Para além disto, o ministro das Finanças realçou ainda que, apesar de ter sido mexida a lei que regula o estatuto de gestor público, nunca foi debatida pelo Governo a possibilidade de dar a isenção integral do estatuto de gestor público aos administradores da CGD. Questionado pelo deputado do PSD Sérgio Azevedo sobre se tinha sido falada dentro do executivo a possibilidade de dar isenção integral do estatuto de gestor público à equipa de gestão da Caixa Geral de Depósitos (CGD), Mário Centeno afastou essa hipótese.

“Essa questão não foi debatida dentro do Governo. Não foi por ele [António Domingues, ex-presidente do banco estatal] sequer levantada junto do primeiro-ministro. Essa questão não estava levantada dentro do Governo”, garantiu.

Depois de Mário Centeno ter dito e voltado a dizer que não houve acordos desse tipo, o deputado do BE Moisés Ferreira ainda questionou se, na primeira carta enviada por Domingues ao Governo a expressar vontade de aceitar o cargo (a 14 de abril), a manifestação de aceitação era uma “aceitação condicional”. “Quando é que o Governo aceitou essas condições?”, perguntou. Mas Mário Centeno limitou-se a dizer que “não tinha uma data para lhe dar”, nem sequer soube dizer “quantas vezes a matéria das declarações de rendimentos foi abordada”. Isto porque, repetiu, “não era da relevância das outras”.

Carta de renúncia de Domingues é “omissa” sobre declarações de rendimentos

Já quando questionado pelo deputado comunista Miguel Tiago sobre se em algum momento das negociações tinha sido abordada uma eventual alteração à lei de 1983 (sobre o controlo público de riqueza em titulares de cargos políticos), Mário Centeno disse que “não”. “Nunca foi abordada essa lei”. Logo, disse, “decorre daí que a obrigatoriedade de os gestores declararem os seus rendimentos e património nunca foi extinta”.

E sobre as declarações feitas por Lobo Xavier (advogado, comentador televisivo e administrador não executivo do Banco BPI), que “disse na televisão que teve acesso a uma longa troca de documentos [entre Domingues e as Finanças], inclusive, os famosos SMS“, o ministro sublinhou que “algumas declarações feitas não correspondem à verdade”, e que não existe base material que as comprovem. Ou seja, Centeno insiste (e repetiu-o várias vezes na audição) que não há documentos escritos que provem que houve essa combinação.

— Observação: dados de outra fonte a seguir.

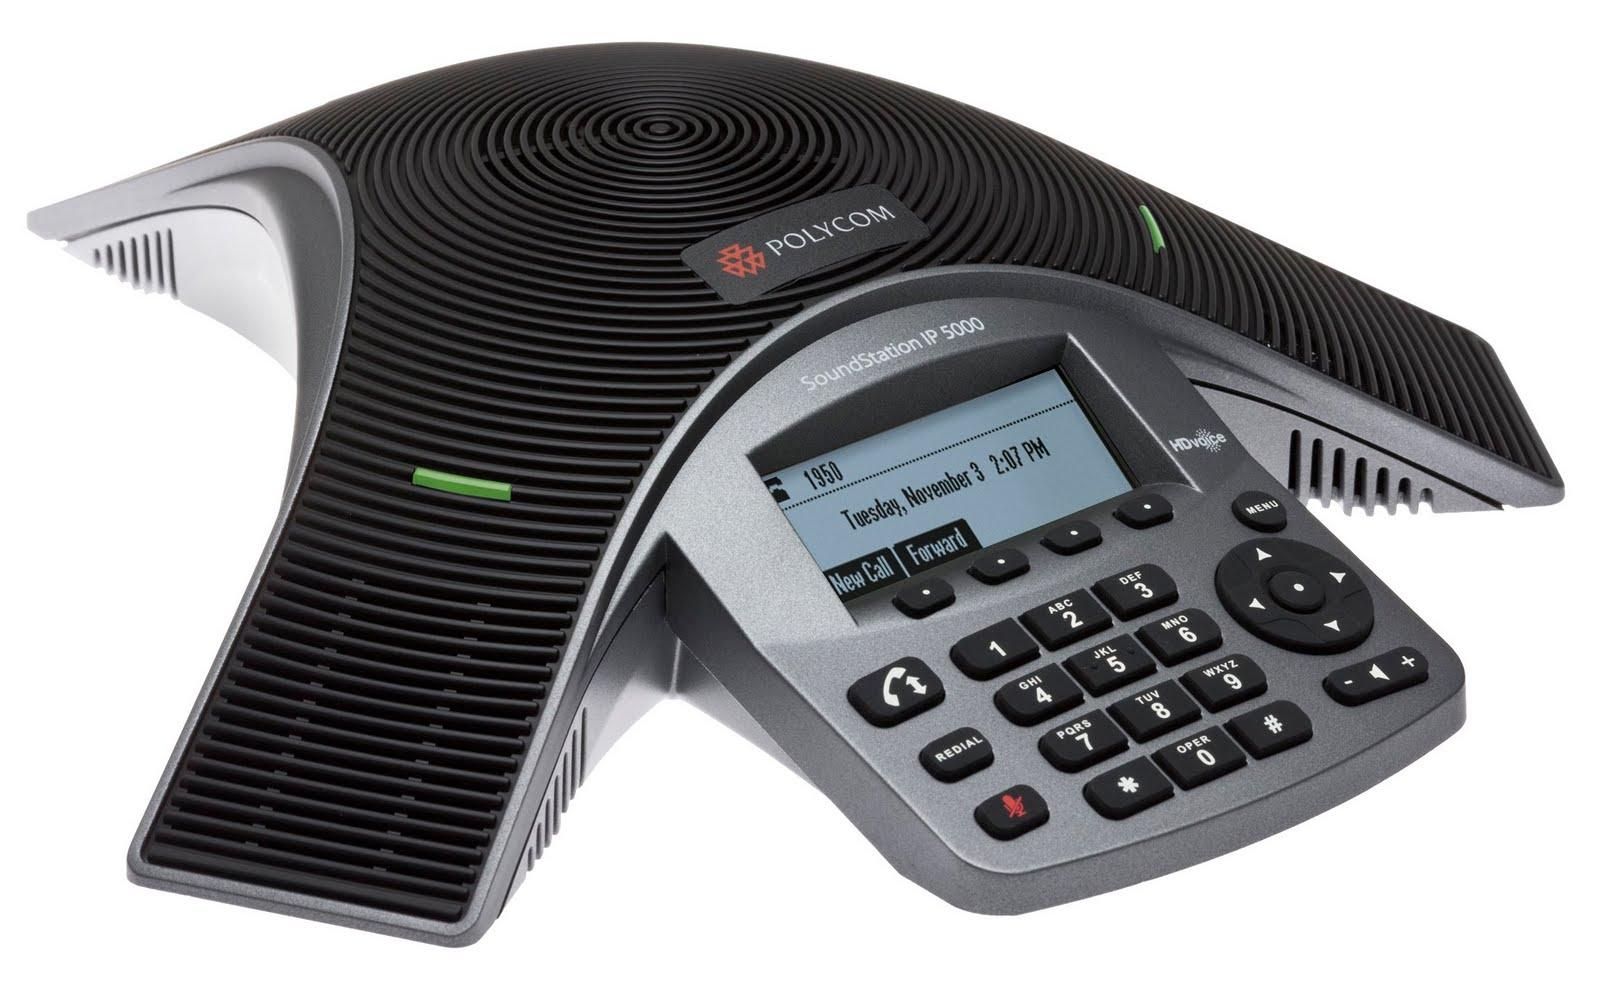 polycom soundstation ip 5000 ip conference phone provu rh provu co uk polycom soundstation ip 5000 admin guide Polycom SoundStation IP 6000

Nem tão pouco a carta de renúncia o prova.

Então, se não houve falta de compromisso no que toca à isenção de declarar rendimentos e património ao Tribunal Constitucional, porque é que António Domingues se demitiu?, questionou o social-democrata Sérgio Azevedo, depois de o deputado bloquista Moisés Ferreira ter sugerido que a alteração legislativa tivesse sido feita sem referências às declarações de património “para ver se passava”. Mas, na resposta, Mário Centeno remeteu para a carta de renúncia de Domingues. “Está na carta de renúncia, e ela é omissa do que o senhor deputado gostaria que lá estivesse. Mas isso é um problema entre o senhor deputado e a carta de renúncia, não me envolve a mim”, disse o ministro.

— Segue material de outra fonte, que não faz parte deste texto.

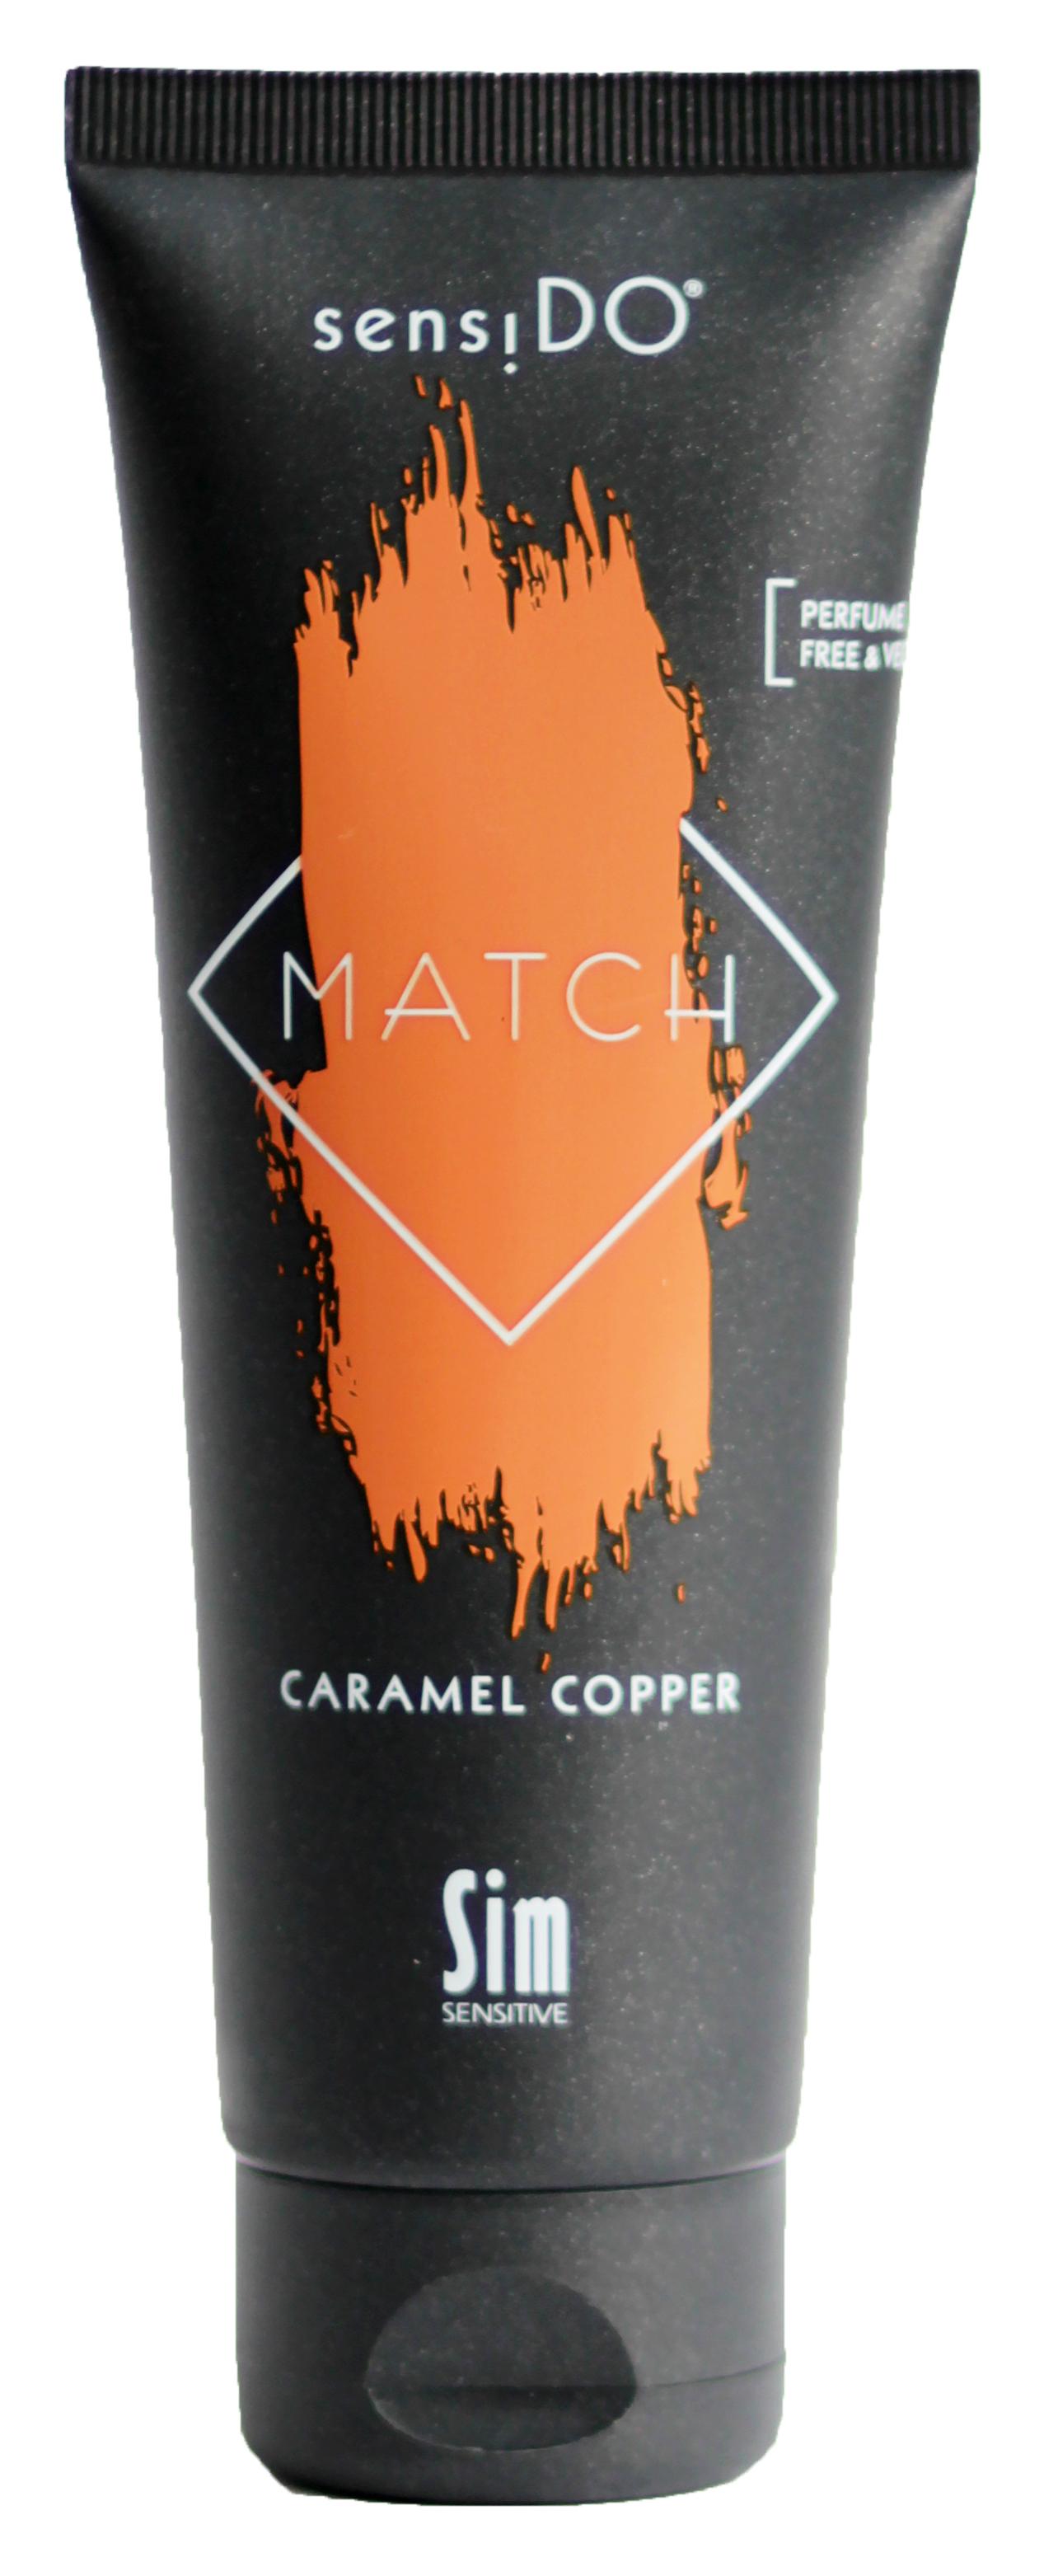 Sim sensitive краситель прямого действия, медно-карамельный / sensido match caramel copper 125 мл

A verdade é que os famosos SMS, que deram origem à constituição desta segunda comissão de inquérito, nunca foram formalmente pedidos nem pelo PSD nem pelo CDS. No âmbito da comissão de inquérito, os dois grupos parlamentares da direita pediram acesso a todas as “declarações, notas ou comunicados” sobre as negociações. Mas não especificavam os SMS.

Esta é, de resto, a 11ª vez que Mário Centeno é chamado ao Parlamento para falar sobre os vários assuntos relacionados com a Caixa Geral de Depósitos, segundo lembrou o próprio ministro. “Gostava de saber se alguma vez houve uma exposição destas sobre um assunto que não pode ter essa exposição. A CGD é um banco que está de portas abertas e vive em concorrência de mercado”, sublinhou.